Troy Davis, the death row inmate due to be executed for the 1989 murder of an off-duty police officer, has lost a final appeal for clemency from the Georgia pardons board.
Davis, 42, is scheduled to be executed by lethal injection Wednesday evening for killing Mark MacPhail in Savannah, Georgia. His lawyers had argued that a lack of physical evidence and dubious witness testimony provided enough doubt about his guilt to spare him the death penalty, The New York Times says.
A last-ditch international campaign to save Davis saw more than 630,000 letters delivered to the Georgia pardons board by Amnesty International, the Times reports. Among the people who asked that the board give him clemency were former U.S. President Jimmy Carter, Archbishop Emeritus Desmond Tutu, singer Cee Lo Green and Pope Benedict XVI.

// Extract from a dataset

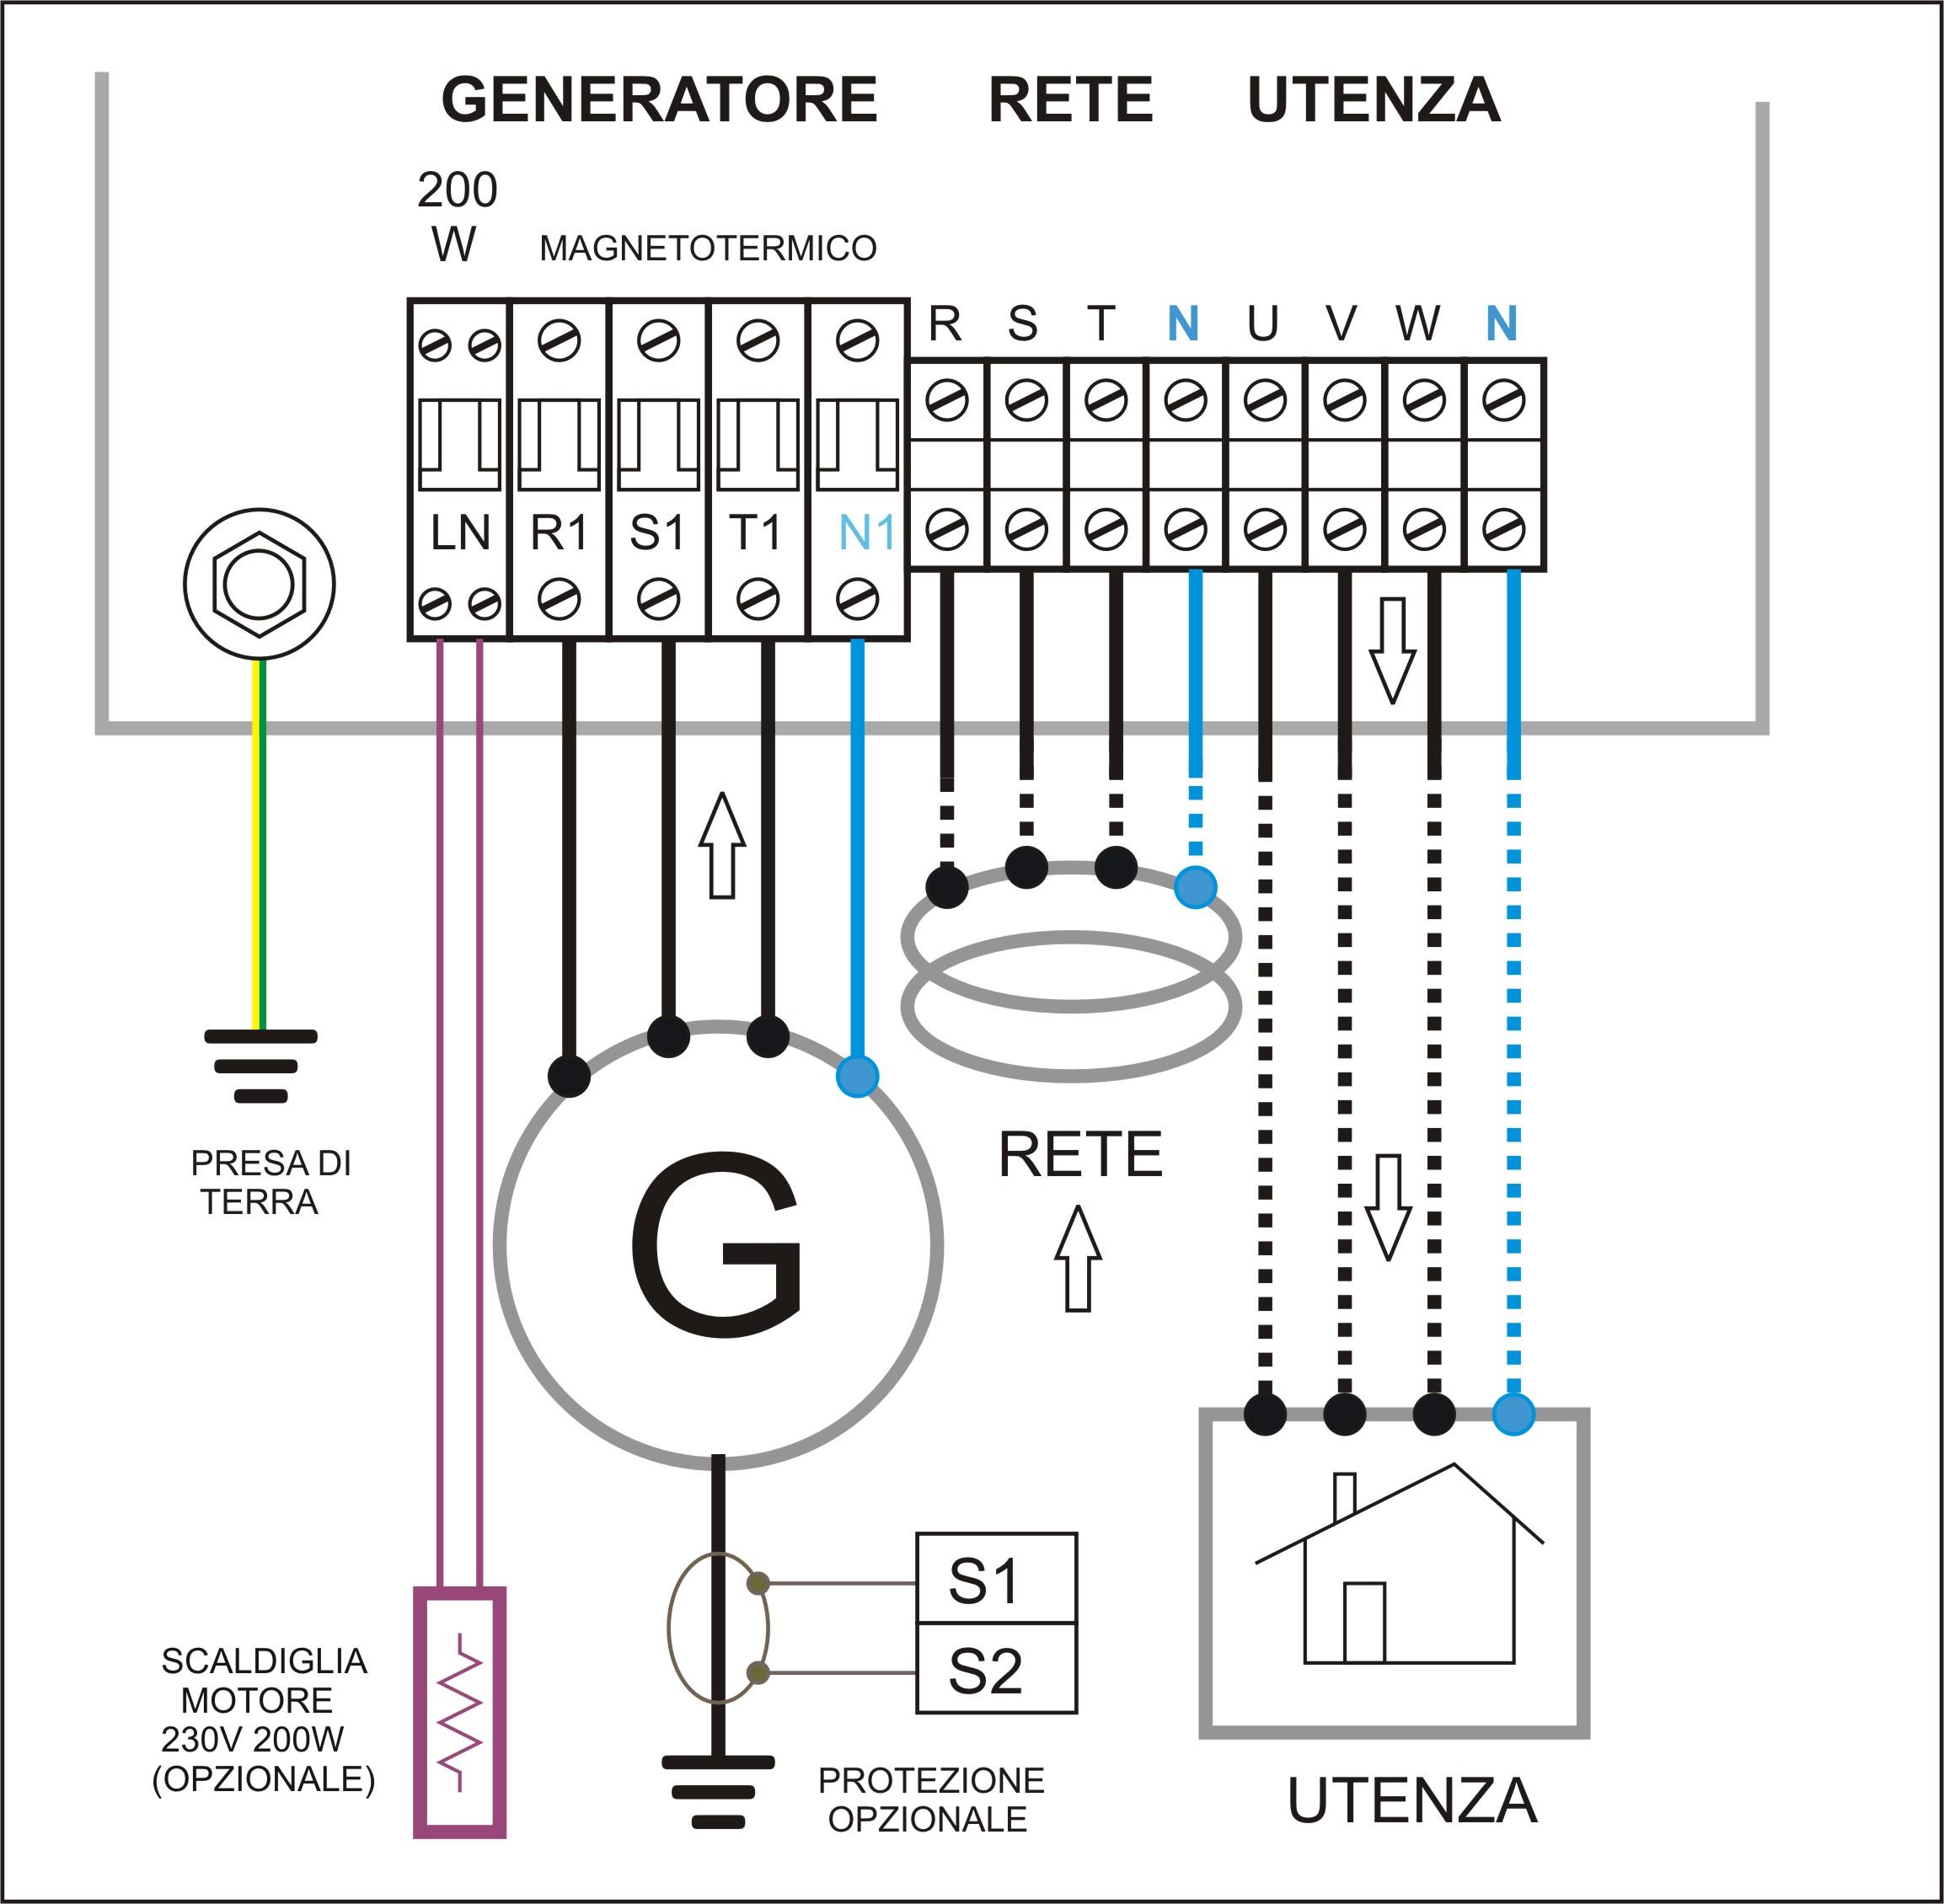 ollegamento Quadro Automatico Gruppo Elettrogeno 80 kVA

A spokesman for the Georgia State Board of Pardons and Paroles said the panel made their decision after hearing testimony from both supporters and prosecutors, the BBC reports.
MacPhail's relatives said they were relieved at the decision.
"Justice was finally served for my father," said Mark MacPhail Jr, the victim's son, according to the BBC. "The truth was finally heard."
In 1991 Davis was convicted of murdering MacPhail, who was working as a restaurant security guard when he intervened in an argument in a parking lot and was shot dead.
However since the conviction many of the witnesses have changed their testimony, and there is no clear physical evidence linking Davis to the scene.
Davis has had three brief reprieves from execution after doubts appeared over his conviction.
Since 1976 Georgia has executed 51 people convicted of murder, with clemency granted on only seven occasions.